My father’s tin hat was at an angle on his head, and he grinned with a matchstick in the corner of his mouth and held up one of his thumbs and winked. Then they walked deeper into the marsh, and the fog became so white and thick and cold that I had to reach out with the paddle and knock against the hard wood of a cypress to know where I was.
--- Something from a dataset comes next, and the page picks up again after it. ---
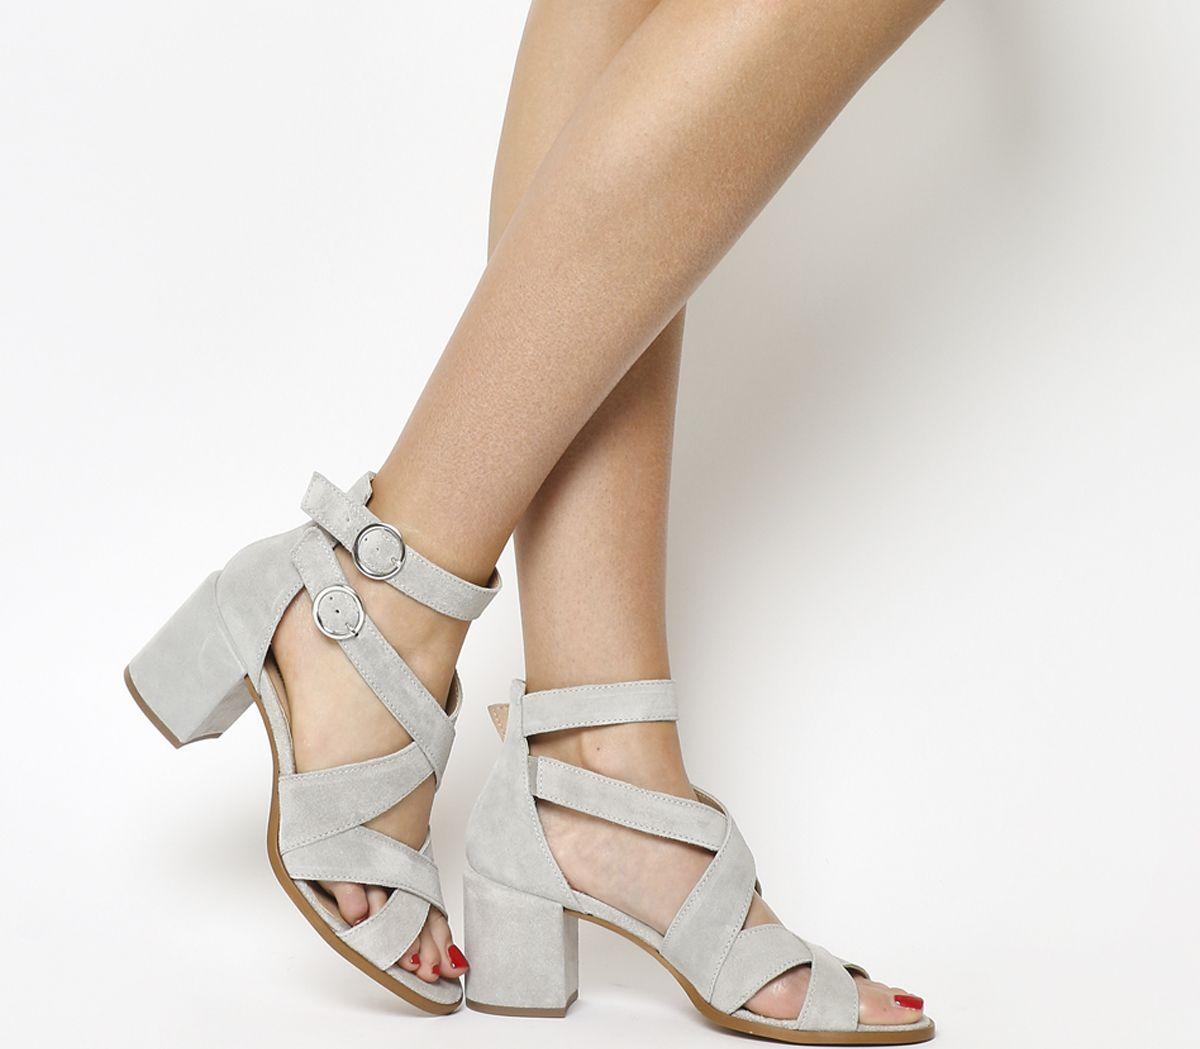 ca6ca96715 Office Market Cuff Block Heel Sandals Grey Suede - Mid Heels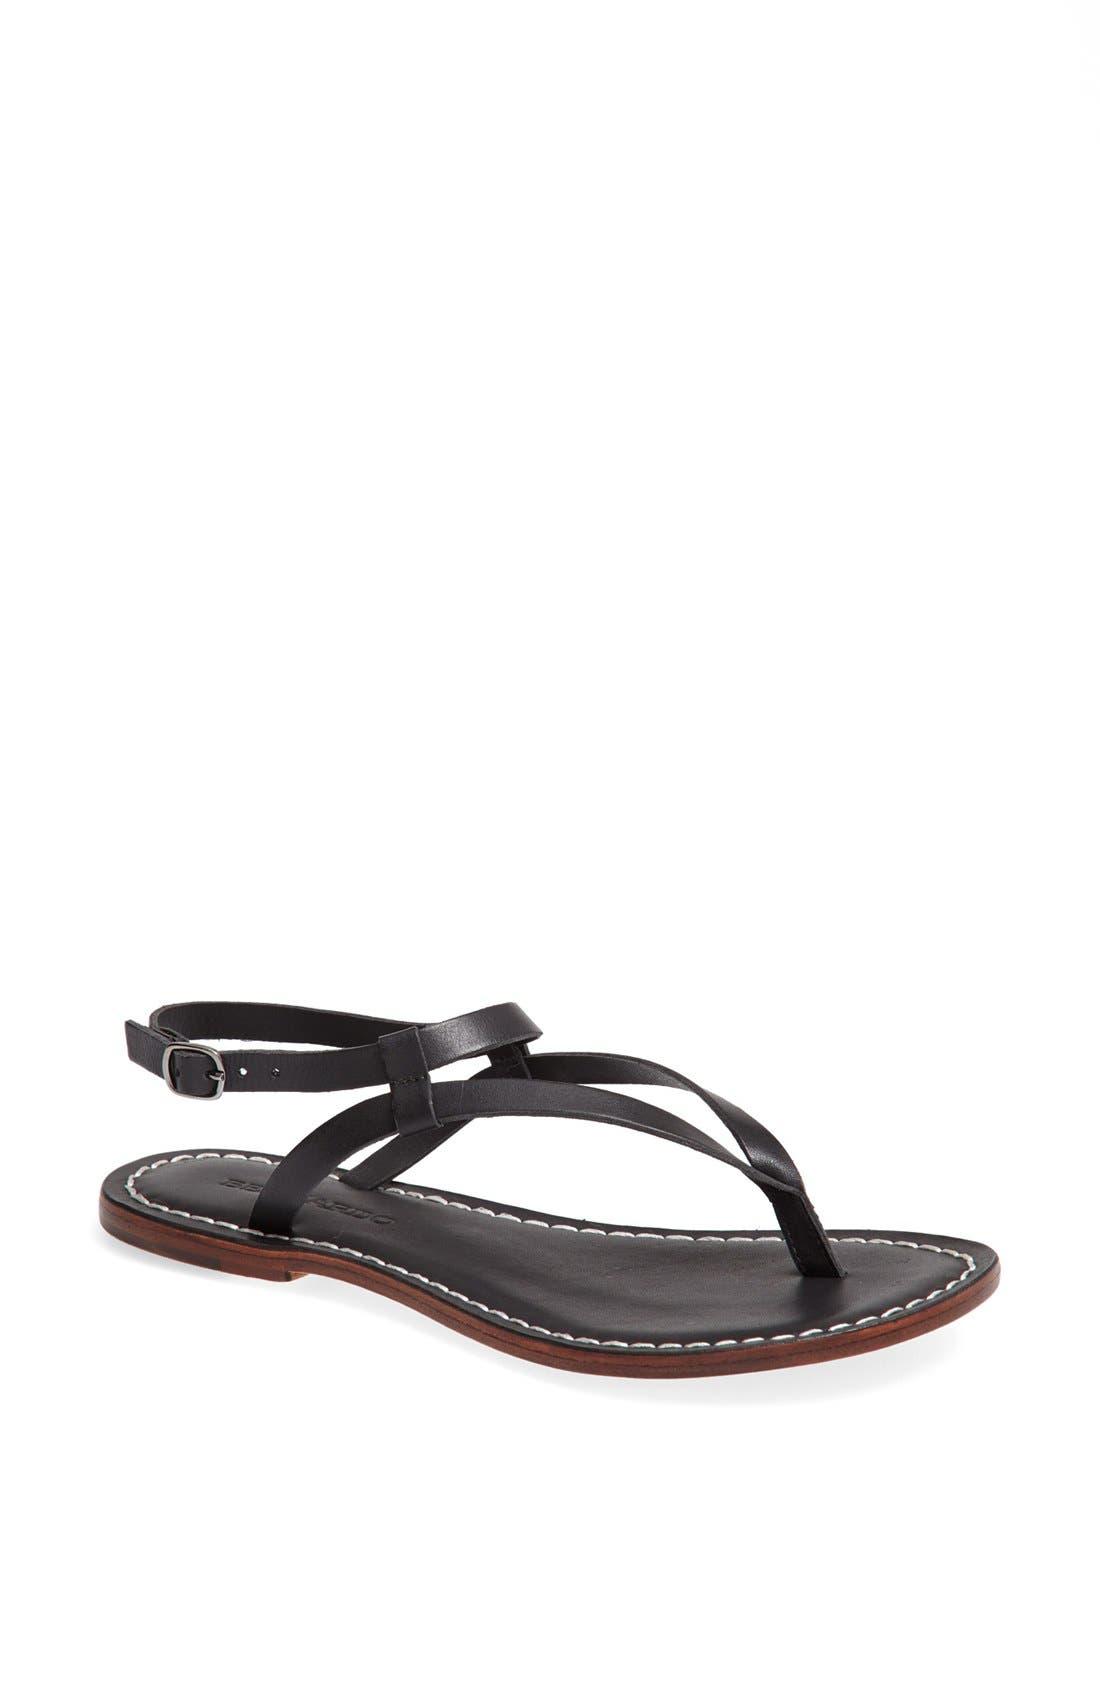 Alternate Image 1 Selected - Bernardo Footwear Merit Thong Sandal

Neither sleep nor late-night thunderstorms bring them back now, and I rise each day into the sunlight that breaks through the pecan trees in my front yard. But sometimes at dusk, when the farmers burn the sugarcane stubble off their fields and the cinders and smoke lift in the wind and settle on the bayou, when red leaves float in piles past my dock and the air is cold and bittersweet with the smell of burnt sugar, I think of Indians and water people, of voices that can speak through the rain and tease us into yesterday, and in that moment I scoop Alafair up on my shoulders and we gallop down the road through the oaks like horse and rider toward my house, where Batist is barbecuing gaspagoo on the gallery and paper jack-o-lanterns are taped to the lighted windows, and the dragons become as stuffed toys, abandoned and ignored, like the shadows of the heart that one fine morning have gone with the season.